Akşam kızıllığı Ufuk’ta belirdi bile. Gün batmak üzere. Parke, patika tadı veren bir yolu takip edip yürüdük. Karşımıza aradığımız bir görüntü çıktı; Değirmen. Sürpriz, ama güzel bir sürpriz. Ata Demirer’in filmi Olanlar Oldu’ya meşur olan bir yer burası. Ben filmi henüz izlemedim. Sadece fragmanına bakmıştım. Değirmenin konuşlandığı yerin alt tarafı kayalık … ve kayalık yerden , karanlıkta iyi seçemedimiz küçük bir şelale akaıyor… sesi denizin dalgalarına karışıyor.

Değirmen

Artık karanlık çökmüştü. Ortalık cıvıl cıvıl insan kaynıyordu. Ama biz bir türlü “köy labirentinin” içinde çıkamaz olduk . Birinde yardım alıp nihayet yolumuzu bulduk. Dolmuşa atlayıp yeniden evin yolunu tuttuk.

Akşam balkonumuzda şarap tadında sohbetlere daldık. Yarın biraz erken kalkıp Seferihisar’daki Organik Köy Pazar’ına gitmeyi düşünüyoruz. Saat 8.30 diye kararlaştırdık. Bakalım.

Gülseren ve Güler erken yattılar. Ben biraz fotoğraflarla ilgileneyim dedim. Fakat Ipad Pro’yla Fotoğraf çalışmak işkenceymiş. Bana ders oldu.

Neyse. Uyku beni bekliyor.

21 Ağustos 2018

Bayramın Getirdikleri; Köy Pazar’ı kapalı

Dün şarabın verdiği hoşluğa, yorgunluk da eklenince saat 8.30’da kalkamadık. 9.30 doğru evden çıktık. Dolmuş beklemedik. Taksiye atlayıp Pazar’ın yolunu tuttuk. Taksici bugün bayram olduğu için Pazarın olmayabileceğini söyledi. Pazar yerine vardık. Gerçekten de kapalıydı. Taksiye 25 TL ödeyip,indik taksiden. Kasabayı biraz gezmek  istedik. Fakat hem kahvaltı yapmadık, hem çok sıcak, hem de Seferihisar bize çok da sempatik gelmedi doğrusu. Belki ileriki günlerde yanılırız. Ufak tefek alışveriş yapıyoruz. Örneğin buraya özgü Armola Peyniri…

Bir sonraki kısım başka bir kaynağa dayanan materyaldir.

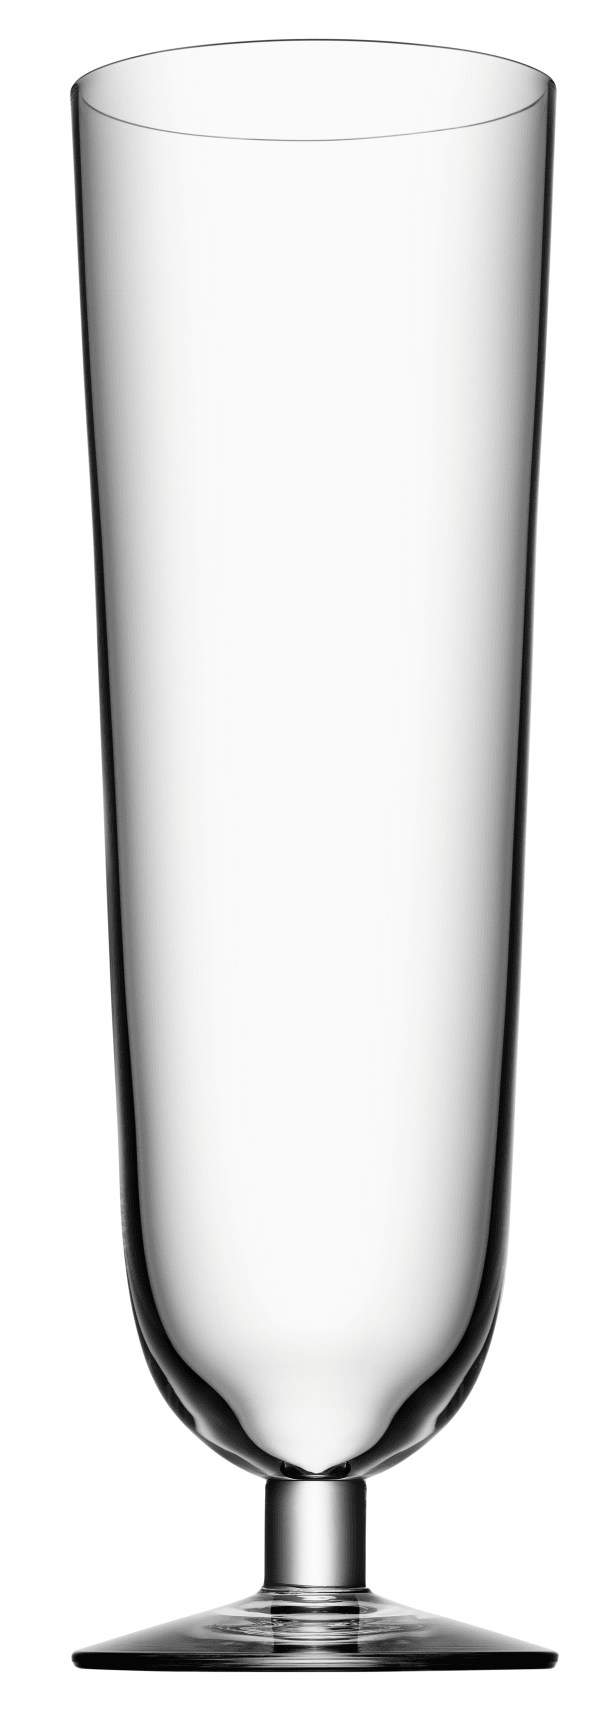 Orrefors Beer Pils glass 4 pcs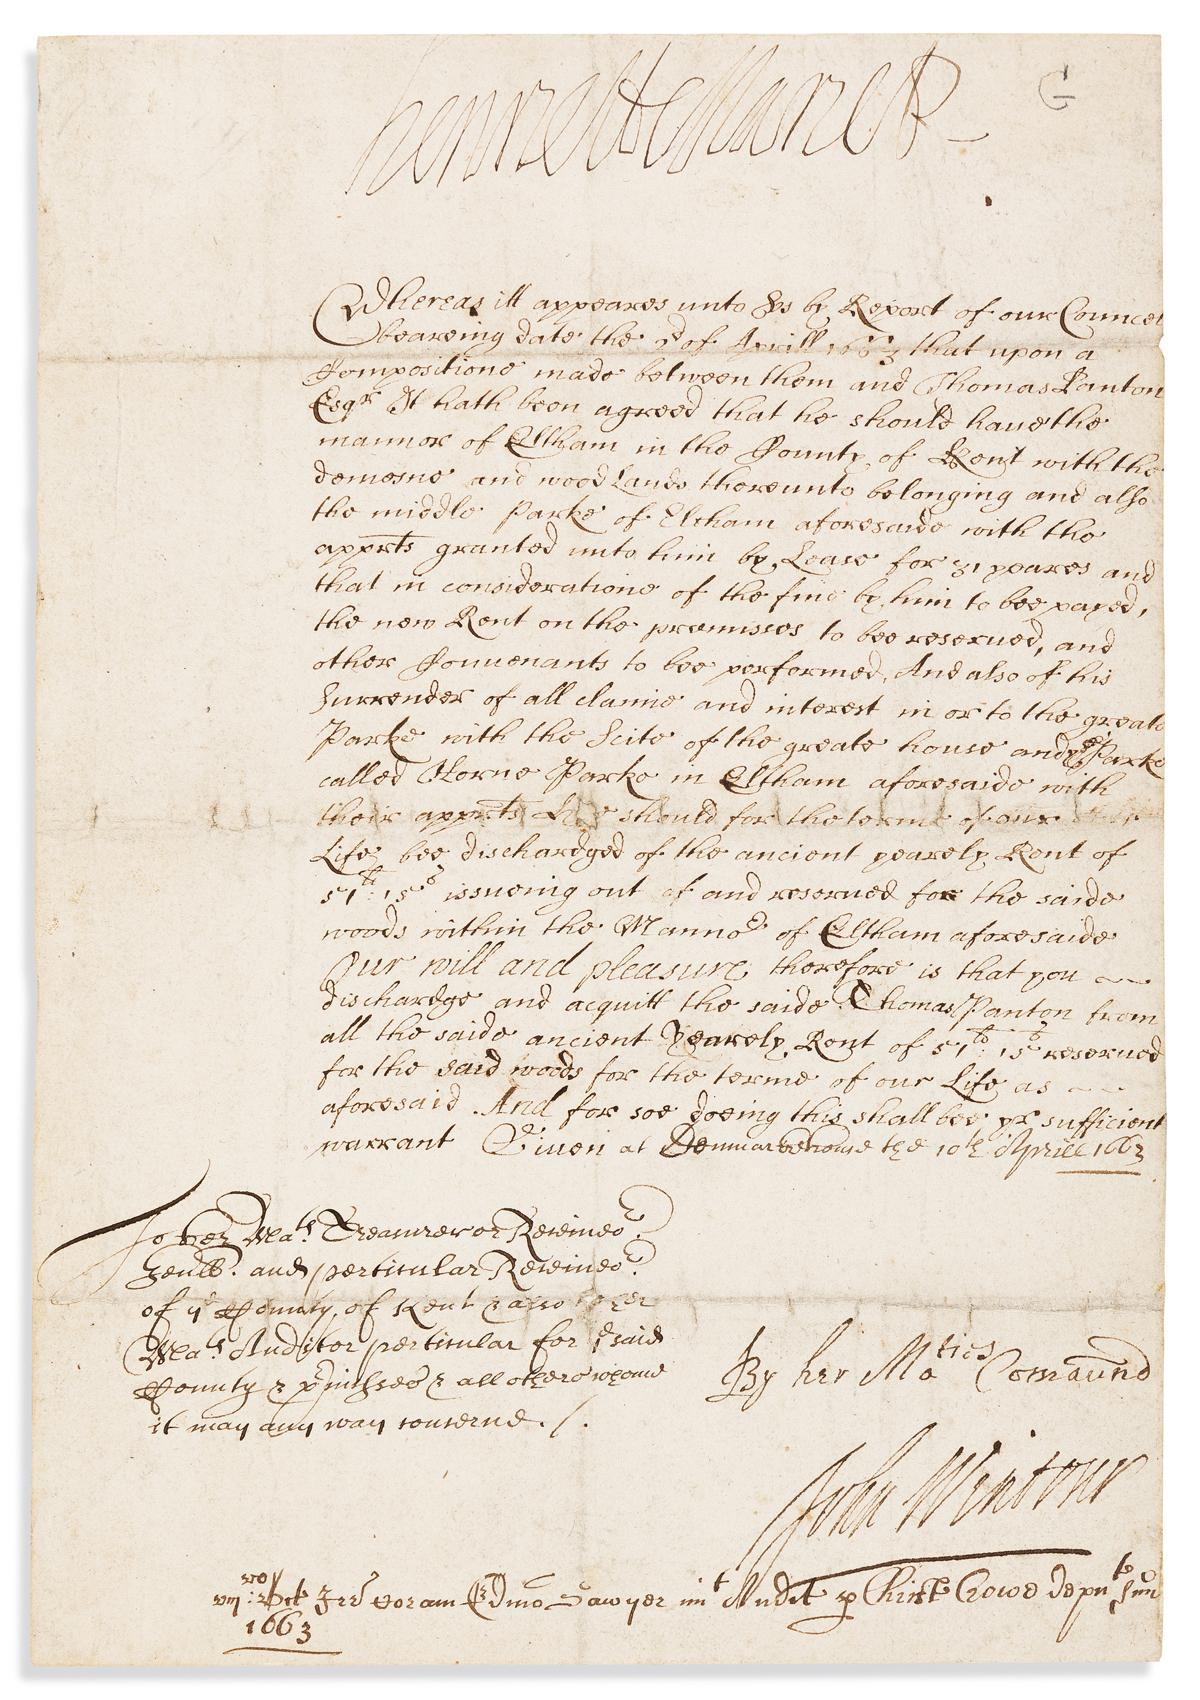 HENRIETTA MARIA; QUEEN OF CHARLES I OF ENGLAND. Document Signed, HenriettaMariaR,

Seferihisar”ın Sığacık tarafından gelirken girişindeki kavşakta Migros’un karşısında dolmuş bekledik. Dolmuşlar yaz mevsimi dışında her 30 dakikada bir karışıklıkla olarak hareket ediyorlarmış. Yaz mevsiminden ise 15 – 20 dakikalık periyotlarla geçiyorlar. Sığacık’a dolmuşla 10 dakikalık bir uzaklıktayız sanırım. Yol boyunca buraya özgü Mandalina bahçelerine rastladık. Sığacık gerçekten de şirin bir yer.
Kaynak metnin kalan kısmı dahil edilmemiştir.